Quantisation in speech and language models

by Rowley Adams | Apr 22, 2025 | AI Development

Quantisation underpins digital signal processing and now elements of contemporary machine learning. Digital audio and images are ubiquitous, and quantisation represents one of the core transformations from analogue to digital format – it converts continuous signals or values into discrete approximations of the real, like converting sound waves into digital audio or continuous light intensities into pixelated images. Quantisation is now also leveraged in efficient deployment of large language models (LLMs), and also as a representation learning tool in contemporary speech models. Quantisation is not only a technical necessity in digital formats but ties together concepts across information theory, cognitive science, artificial intelligence and linguistics.

Quantisation in audio

To illustrate quantisation, it can first be understood as it applies to audio. Quantisation is integral to all forms of digital audio. Any music, podcasts or videos encountered in digital format are quantised. As we will see quantisation also underpins landlines in a different form.

Sound in its physical form consists of continuous pressure waves, and the frequency of these waves determines what pitch we perceive. Sound waves move through the air and hit our auditory systems with a certain speed (frequency – perceived as pitch) and amplitude (perceived as loudness), like waves crashing into the shore, creating smooth, uninterrupted signals like the movement of water.

Digital formats are inherently discrete, not continuous. Computers can’t directly process continuous signals. They operate on discrete, finite data – specific, countable numbers that can be stored and manipulated. Transforming real audio into digital format therefore requires discretisation through two core processes – sampling and quantisation.

Audio in digital form is stored as a sequence of individual numbers, unlike in analogue formats, e.g. where the needle of a vinyl player follows the smooth, continuous grooves etched onto the vinyl.

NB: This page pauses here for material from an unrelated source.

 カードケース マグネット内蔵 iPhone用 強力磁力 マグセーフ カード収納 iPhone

Sampling determines how many measurements are taken per second – typically 44.1kHz for CDs, meaning 44,100 measurements are taken every second. You can imagine that the shape of the smooth etching of a vinyl groove traversed over one second could be well approximated with 44,100 ‘steps’. Quantisation then determines the precision of these steps – quantisation sets how many distinct values each sample (measurement) can take, controlled by the bit depth.

During quantisation, some information is inevitably lost, as each amplitude measurement is rounded to the nearest available level – this introduces a degree of error known as quantisation noise. The precision of the approximation of the signal is determined by the bit depth – 16-bit digital audio (standard for CDs) allows for 2^16 (65,536) possible values for each sample. So the shape of the vinyl groove over one second is approximated by 44,100 steps, where each step can take one of 65,536 values – hence why digital and analogue audio sound perceptually similar. You could use a larger bit depth, and therefore lose less information, but this would conversely require more storage.

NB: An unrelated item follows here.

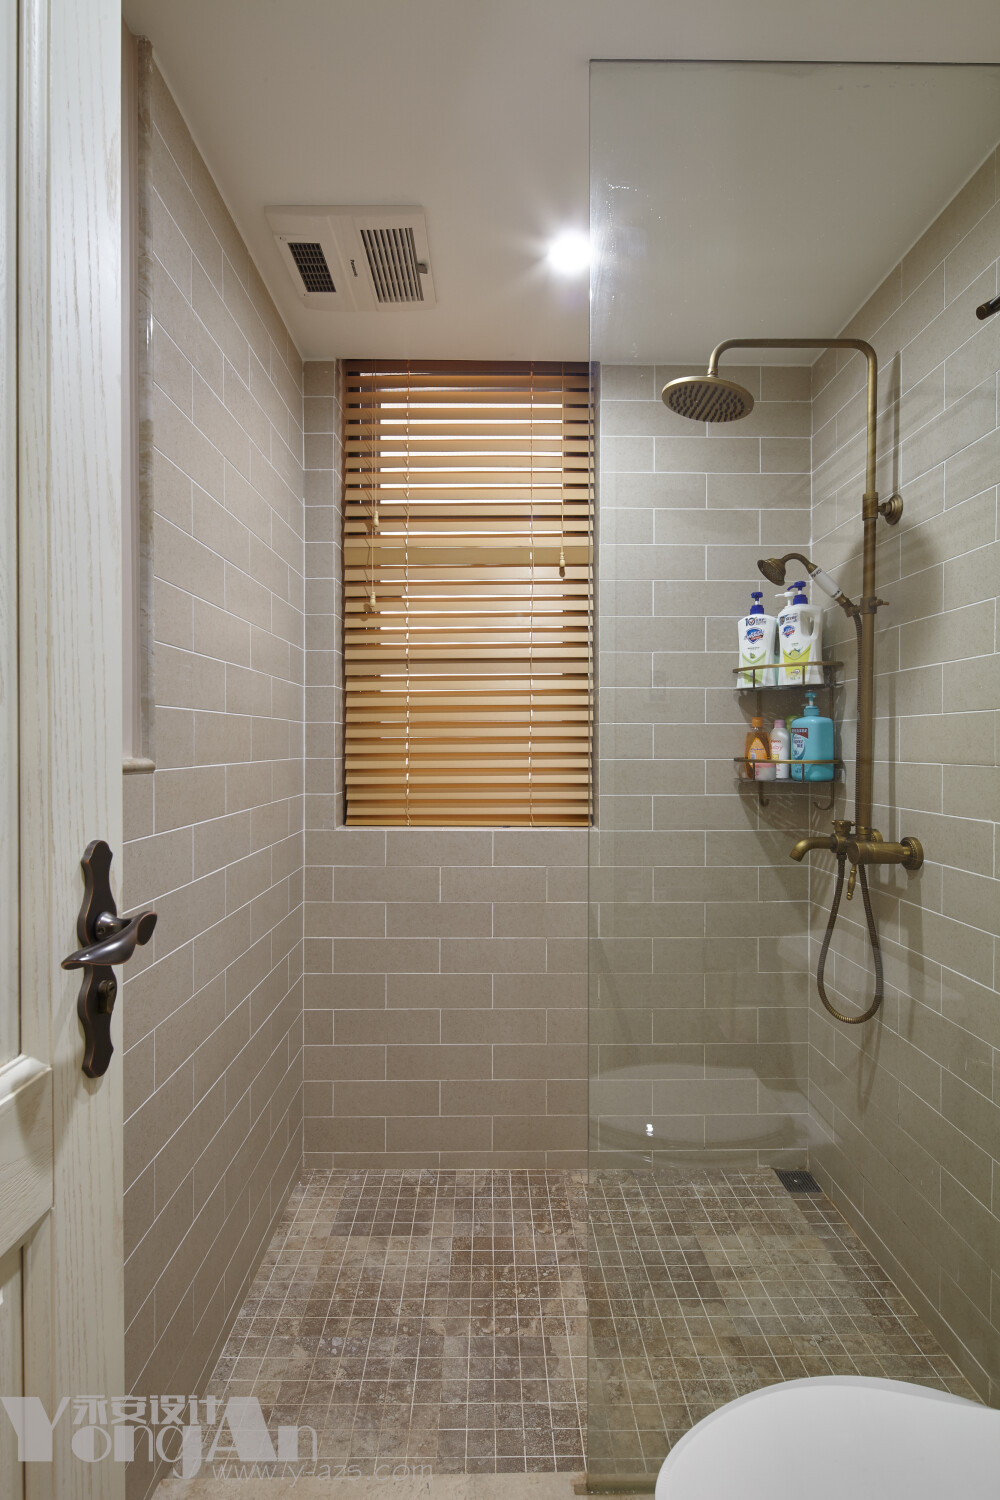 公卫 卫生间 浴室 深圳永安设计 美式 设计

Figures: Show quantised approximation of a real signal. Each sample of the actual signal (e.g. orange) is rounded to the nearest available level (green/red).

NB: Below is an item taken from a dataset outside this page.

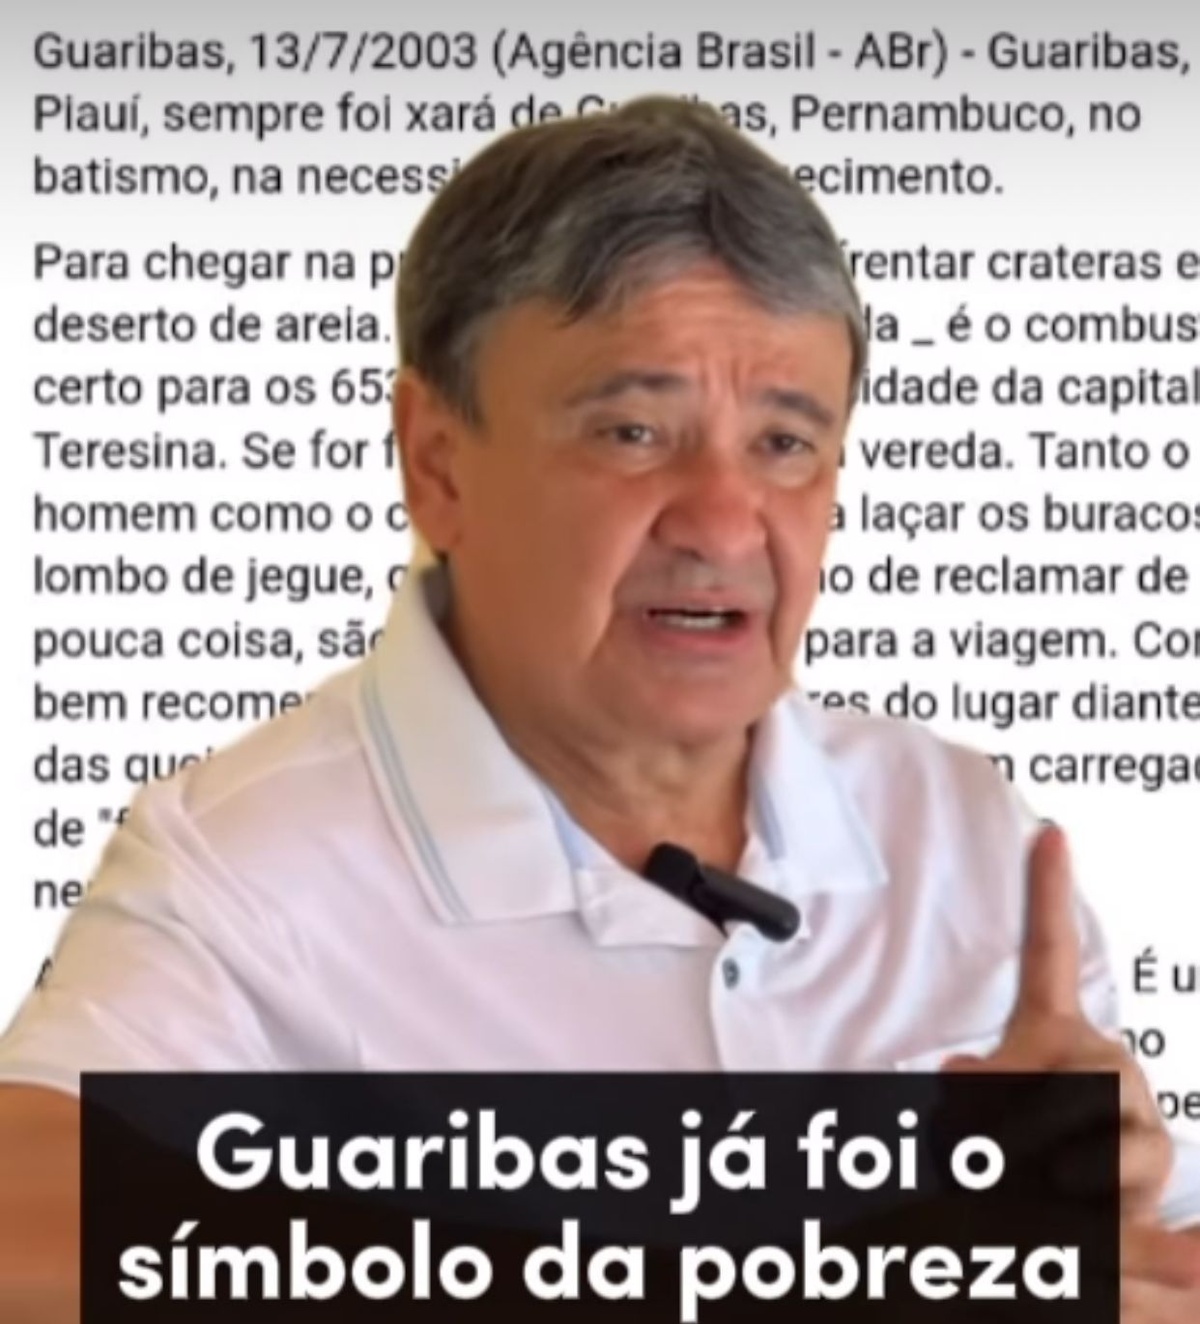 Wellington Dias distorce os fatos sobre a cidade de Guaribas

The bit depth directly impacts storage requirements and fidelity – 8-bit audio requires half the storage of 16-bit audio, as literally half the number of binary numbers are required to store the information – each sample is represented with 8 bits rather than 16. However, using 8-bit audio will sacrifice considerable dynamic range and fidelity, resulting in a coarse, arcade-like audio quality – in 8-bit audio there are only 2^8 = 256 levels, whereas in 16-bit there are 2^16 = 65,536 levels, so each sample has to be coarsely rounded to the nearest level, adding a lot of noise.. This tradeoff between compression efficiency and signal fidelity is also ubiquitous in machine learning.

Quantisation and large language models (LLMs)

The same quantisation principles find application in modern artificial intelligence, including in large language models. Once trained, an LLM is a vast array of numbers (weights) within a transformer architecture, including feedforward blocks and attention matrices (key, value and query matrices).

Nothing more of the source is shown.